Saturday, September 15, 2012


Who knows why there is a double name for this Zoa, but for none of the other three?
Anyway there it is and what can we do about it?

The eternal name, Urthona has fairly limited use in comparison to the temporal Los.

Los was the fourth immortal starry one, & in the Earth Of a bright Universe Empery 
attended day & night Days & nights of revolving joy, Urthona was his name 
 (Four Zoas 1-3:9-11; Erdman 301) 

 Los is "the expression in this world of the creative imagination" (Damon, 246), and in 
Beulah his name reverts to Urthona.

A master smith, worker in metal Los worked at the furnaces, hopefully changing iron to 
gold; this happens, but it's realized only at the end of time. Los, master of time, is 
trying to work himself out of a job, and at the end he is in fact reabsorbed into Urthona, 
the poetic genius. (For that we're still waiting.)

In Ulro Urizen's sun has virtually gone out; Los labors to create a worldly sun (Sun is 
Los backward).Then wondrously the Starry Wheels felt the divine hand. Limit Was put 
to Eternal Death

Los felt the Limit & saw The Finger of God touch the Seventh furnace in terror And 
Los beheld the hand of God over his furnaces Beneath the Deeps in dismal Darkness 
beneath immensity 
(Four Zoas 4-56:23-26 Erdman 338) 

 The paradoxical significance of the furnace is borne out in the Bible with Shadrach, 
Once escaped from Ulro Los, the master builder, proceeded to build Golgonooza
representing material progress. Los builded it and builded it 'time on time'; each time a 
society went into eclipse, Golgonooza must be built again. This of course is a figure for 
worldly progress, all very good, but not in the same dimension as the City of God.

However Blake wrote to Hayley: "The Ruins of Time builds Mansions in Eternity.
(Letter 9), referring to the final transformation of the best of Golgonooza into 
Jerusalem, which is the meaning of the Last Judgment.

Children of Los and Enitharmon:
Their first born was called Orc; he represented Revolution. We can surmise that Blake 
was much attached to Revolution in his early years, but with the debacle of the French 
Revolution his attitude changed.

Blake had important 'prophecies',  America and The French Revolution. The Book of 
Urizen, especially chapters vi and vii, gives much insight into the mythical identity of
Orc. (This little prophecy in fact is an excellent introduction to some of the important
threads of 4Z.) 

 Here are the later and multiple progency of Los and Enitharmon ("And she bore an 
enormous race"):And these are the Sons of Los & Enitharmon. Rintrah (Wrath)
 Palamabron (Pity) Theotormon Bromion Antamon Ananton Ozoth Ohana Sotha
Mydon Ellayol Natho Gon Harhath Satan Har Ochim Ijim Adam Reuben Simeon Levi
Judah Dan Naphtali Gad Asher Issachar Zebulun Joseph Benjamin David Solomon
Paul Constantine Charlemaine Luther Milton (FZ8-107.6 Erdman 380) 

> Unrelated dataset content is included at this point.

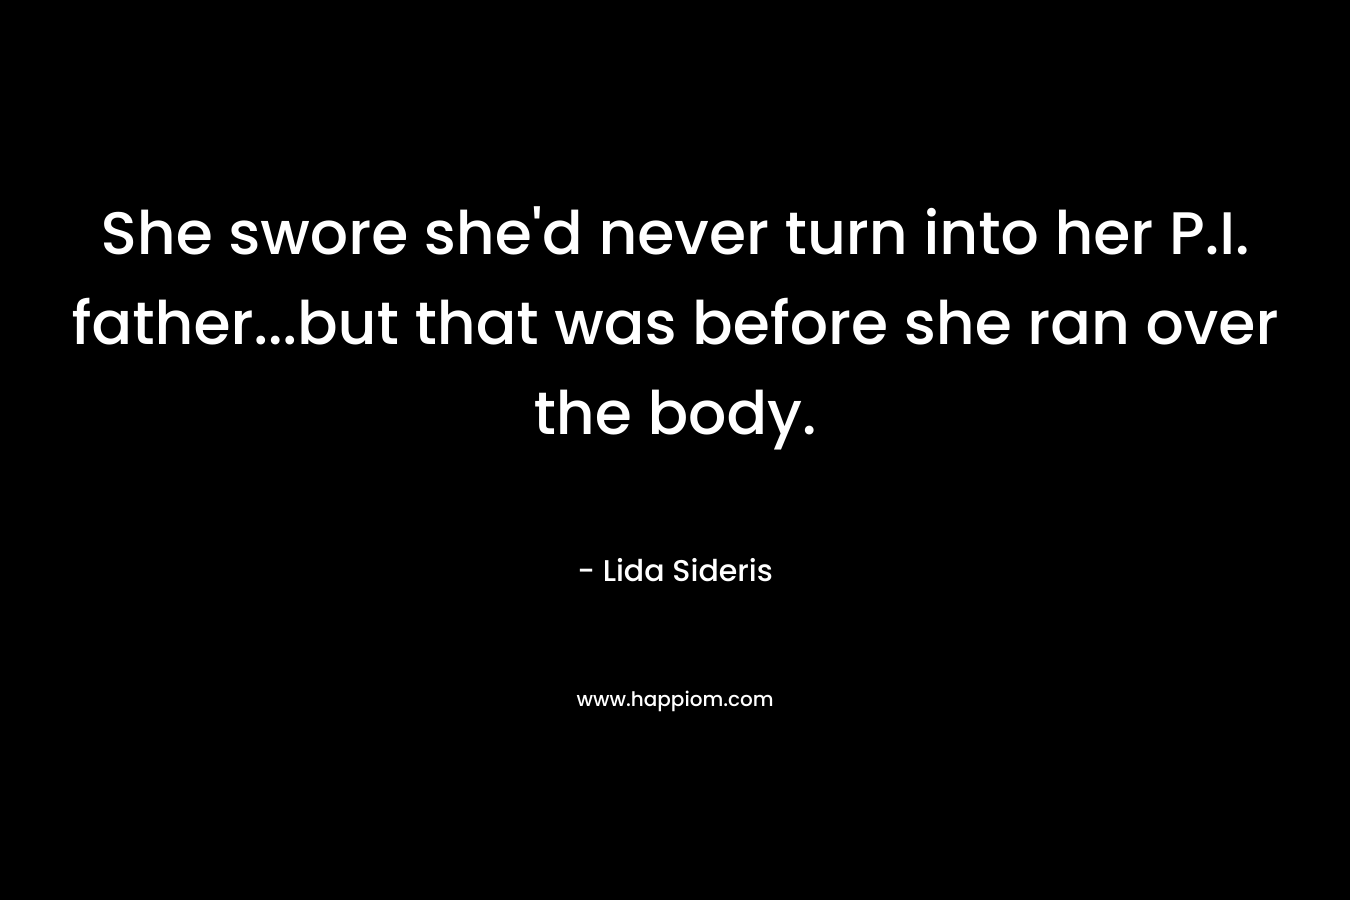 She swore she’d never turn into her P.I. father…but that was before she ran over the body. – Lida Sideris
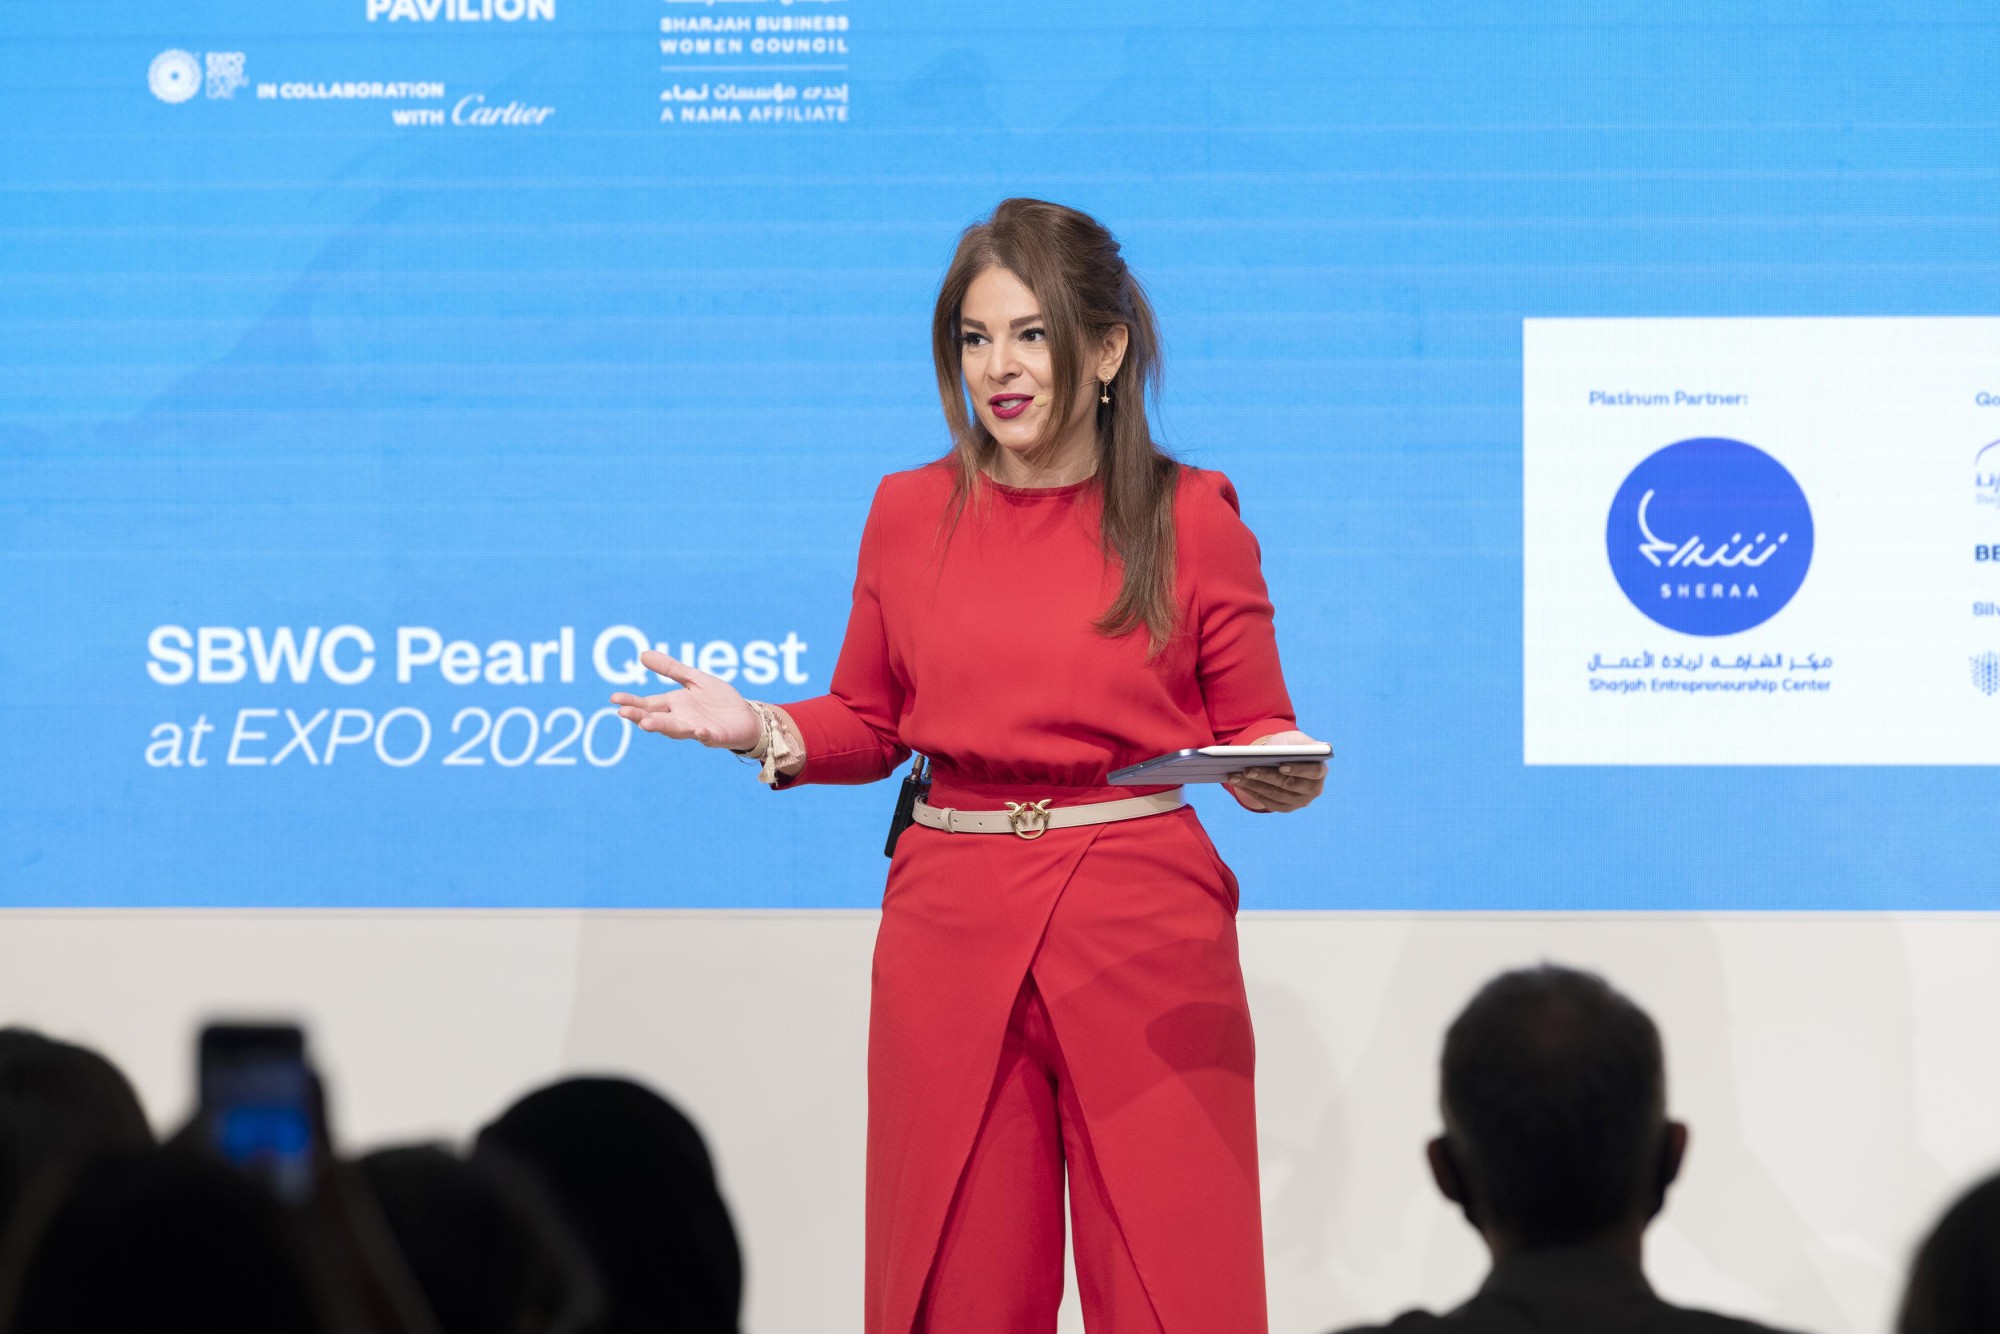 Jessy El Murr, Senior Journalist and host speaks during the Outlier Series - Pearl Quest by Sharjah Business Women Council at the Women’s Pavilion m45242

 One might think here that Blake has descended to obscurity; but wait a minute: many 
of these early 'sons' are characters in other works (and 4Z is really more a notebook 
than a finished poem). Reuben-Benjamin are of course the 12 sons of Israel (and the 12 
tribes). Then he names the leading lights of our faith from David to Milton. And 
Dr. Ed Friedlander, in his classic William Blake's Milton had this to say about the sons
of Los and Enitharmon:

"Twelve of the Sons of Los and Enitharmon were lost to Urizen. These remaining 
Four embrace all humanistic endeavor. All are forms of Orc, but unlike the terrible 
child, the drive of the Four toward a comfortable and happy world is controlled and 
directed by Los, prime agent of regeneration". 

Because Milton is a poem about people as we know them rather than a cosmic 
chronicle, the Four are very important in our epic. In particular, Rintrah, Palamabron, 
Theotormon, and Bromion are the enlightened, socially conscious people of Blake's 

Rintrah appears first in The Marriage of Heaven and Hell, in the first line in fact: 
"Rintrah roars and shakes his fires in the burdened air". He composed this work during 
the course of the French Revolution; we may safely assume that Rintrah might represent 
the revolution that Blake was personally involved with-- the revolution of thought, 
history, manners, and values that MHH announced.